After breakfast, we birded from Commercial Wharf, the middle of the three wharf's in Monterey. From the pier, we could see hundreds of divers, mostly Pacific, as well as large numbers of Black-necked Grebes (150+). They seemed to be everywhere. Other seabirds in the bay and around the pier included Pigeon Guillemot, Brandt's and Pelagic Cormorants and the gulls were particularly photographable and they sat alongside Brown Pelicans. The California Sealions were particularly vocal!

We then headed towards Carmel and stopped at the gates to Pebble Beach on 17 mile drive. We had a good hour in the woodland here and added many new species. We found at least four stunning Townsend's Warbler here with Brown Creeper and Hairy Woodpecker also being new. Another Varied Thrush was most welcome! Dark-eyed Junco, Acorn Woodpecker, Pygmy Nuthatch and Red-shouldered Hawk were also seen.

Carmel Beach and Carmel River Lagoon held little so we headed back to Monterey and decided to look at Robert's Lake, just north of Monterey off Highway 1. The lake is popular with the public for feeding ducks, so it was a great place to take photos of gulls. Heermans (including 13 adults) and Glaucous-winged were coming to bread amongst the Western's and California Gulls. There were many hirundines over the lake (mainly Tree and Northern Rough-winged) and we saw our only White-throated Swifts here, high over the lake, as well as Peregrine.

Continuing north, we decided to pay a visit to Elkhorn Slough during the late afternoon for shorebirds but the reserve closed at 17.00hrs. Following advice from the reserve staff, we headed to nearby Moss Landing, an area of mudflats and marsh. Upon arrival, many shorebirds were present close to the road and we had our first views here of Semi-palmated Plover (12) and both Western and Least Sandpipers. A large flock of 400+ Willett was an impressive site as they came onto the pools and jostled for feeding areas with dowitchers (both species), Marbled Godwits and Long-billed Curlew. Ducks on the river included Greater Scaup (20). We also saw 'Beldings' Savannah Sparrow here and a White-tailed Kite over the nearby hillside.

Returned to Crespi Pond at Monterey at dusk and had great views of two Sora's and two Night Herons.

Stayed overnight at Monterey Youth Hostel.

March 23rd - Monterey & Big Sur coast

Another visit to Crespi Pool at first light produced fantastic views of two Virginia Rails out in the open. We also saw Fox Sparrow here. We were aware that we hadn't seen Surfbird yet, so we decided to drive along Ocean Bay Boulevard and stop every couple of hundred yards. After a bit of searching, we eventually found two birds, which gave great views. After enjoying the Surfbirds, we headed south to the Big Sur coast, as this was to be our only chance of California Condor.

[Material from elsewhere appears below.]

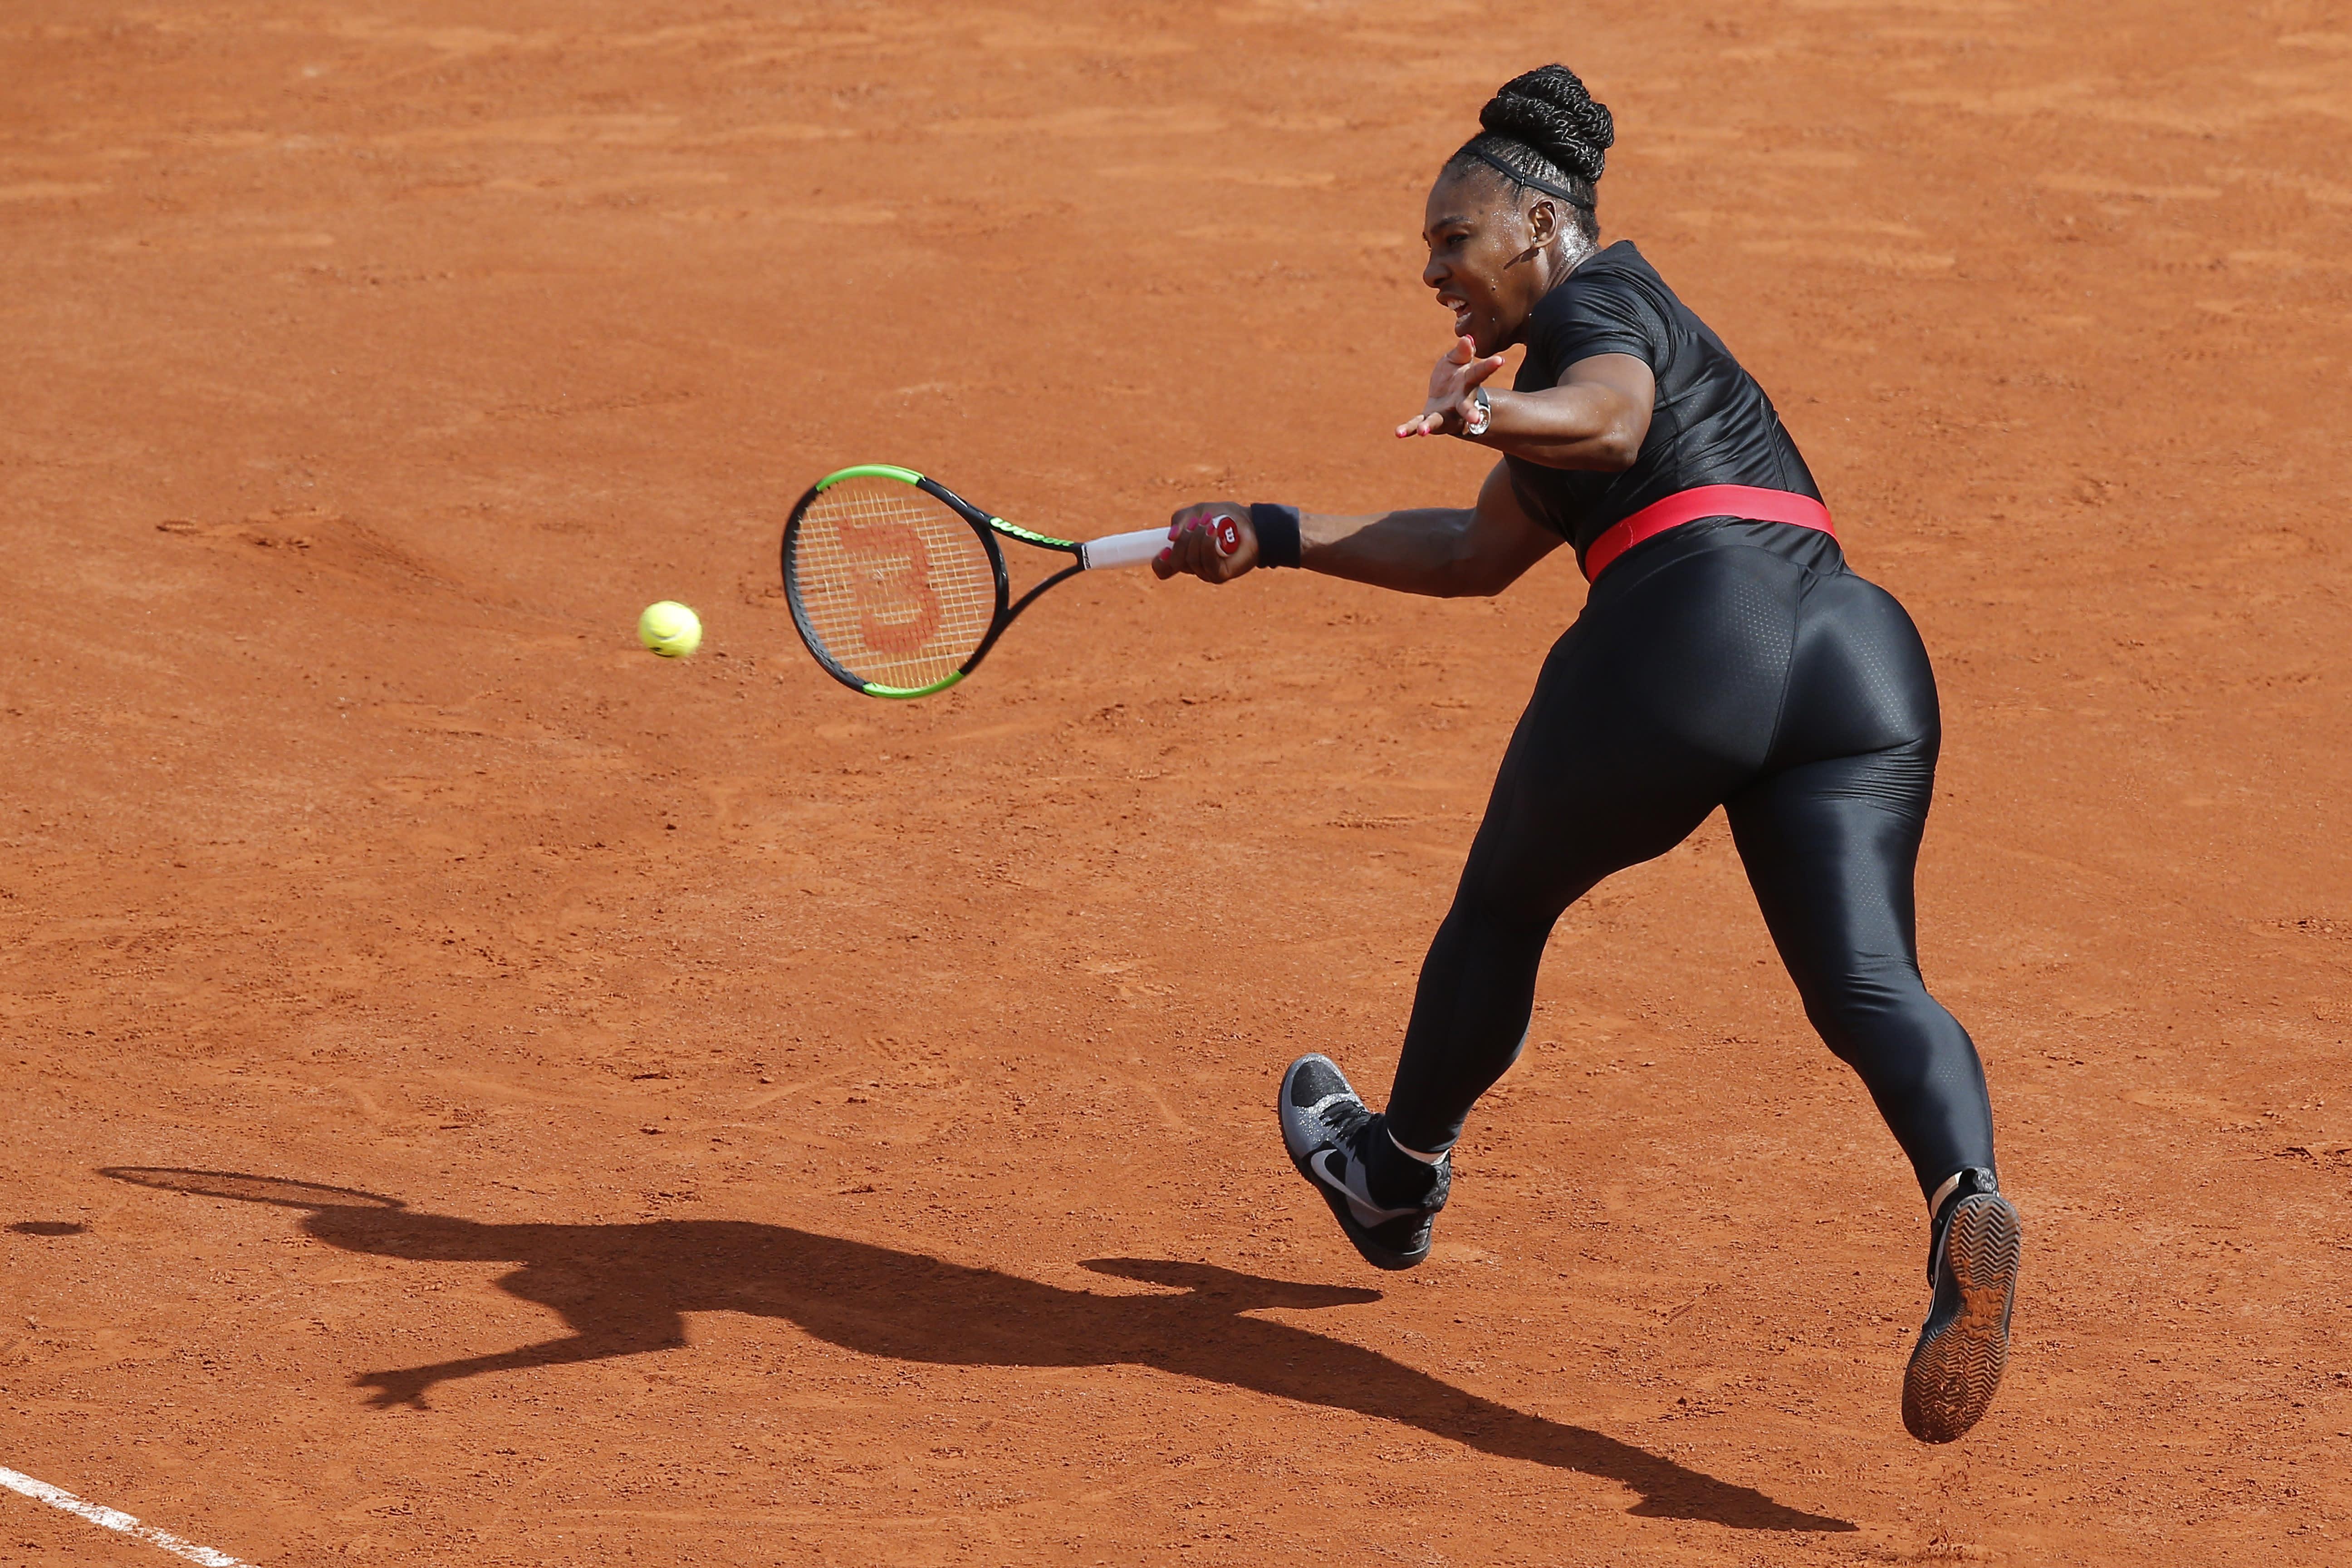 b9e4ec18ccf Serena Williams returns to tennis dressed like a superhero  Video

The scenery along Highway 1 was simply outstanding. Our first stop was at Andrew Molera State Park. Unfortunately, the ringing laboratory was closed but we still had a wander around and had some good birds. Purple Finches were common here and other birds seen in the park included Wrentit, Anna's and Rufous Hummingbird, Western Bluebird, White-tailed Kite, American Kestrel and Spotted Towhee.

Heading past Big Sur Station, we noticed a jeep pulled up on the grass verge with a huge arial and electronic equipment on the bonnet. This could mean only one thing so we turned the car round and headed back. We were pleased to find it was a young french lady who was working for the condor reintroduction scheme. She informed us that she had three California Condors in range but we couldn't see them because of the cloud around the top of the mountains. One eventually came into view, closely followed by another two. They eventually soared away into the distance, so after having a chat with her and thanking her for her help, we headed south. That was easier than we imagined!

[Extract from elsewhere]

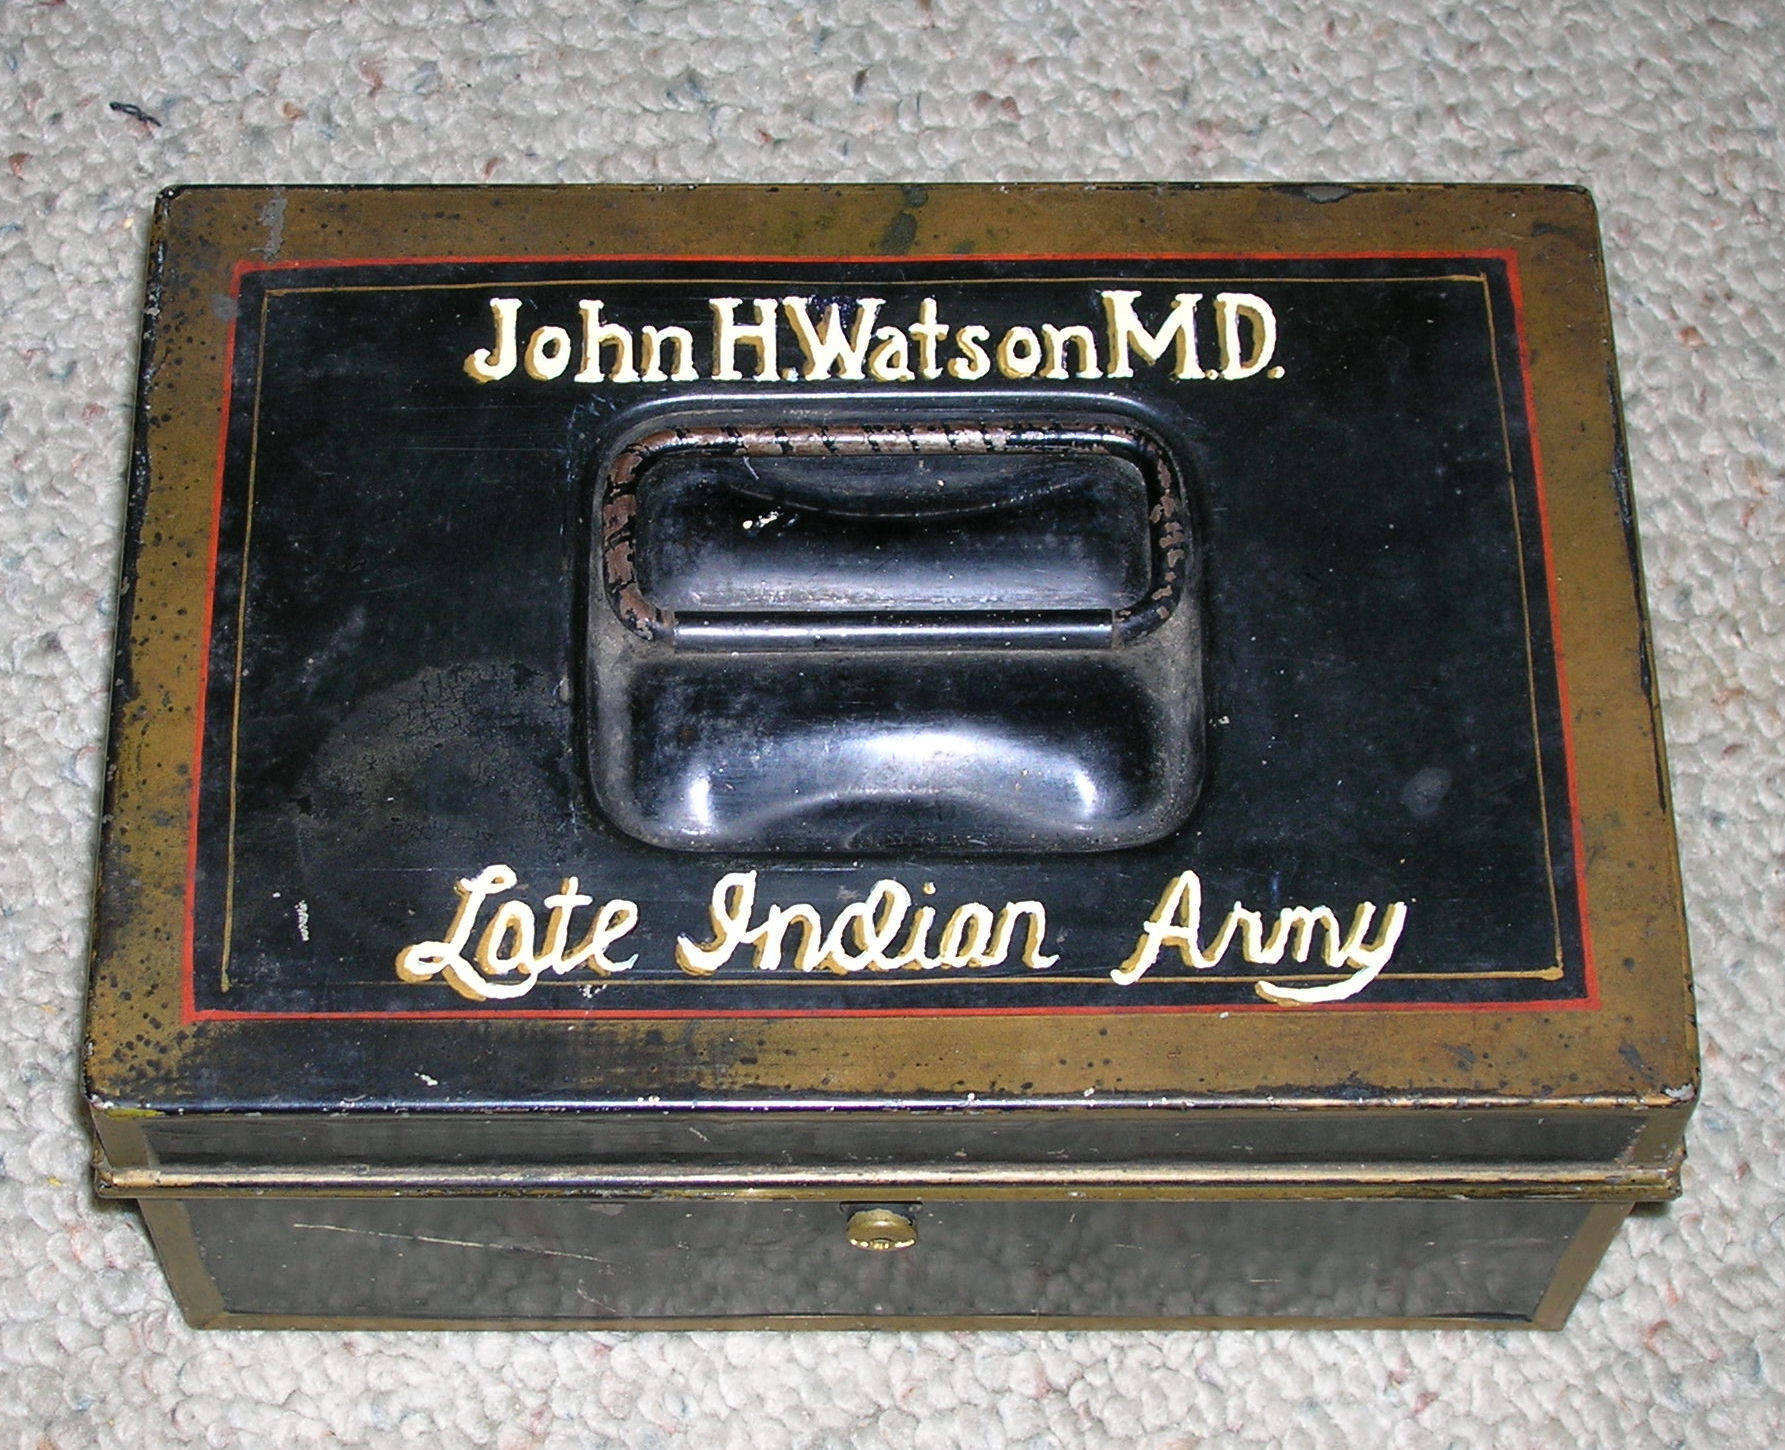 From Watson's Tin Box: The Engineer's Thumb

We had a brief stop at Julia Pfeiffer Burns State Park for American Dipper on the river but there were too many people around. After enjoying the sunshine and scenery, we headed back north to Monterey and spent a couple of hours photographing gulls in some of the town's parks. An hour at Cannery Wharf in Monterey produced the now expected divers and grebes (we estimated 400 Pacific Divers were visible from the pier). We then had a brief seawatch from the coast road near the golfcourse and added Pink-footed Shearwater to our trip list, and three more Pomarine Skuas. The two Sora's showed well again at the pond at dusk.

Stayed overnight at Monterey Youth Hostel

March 24th - Monterey (Pelagic Day)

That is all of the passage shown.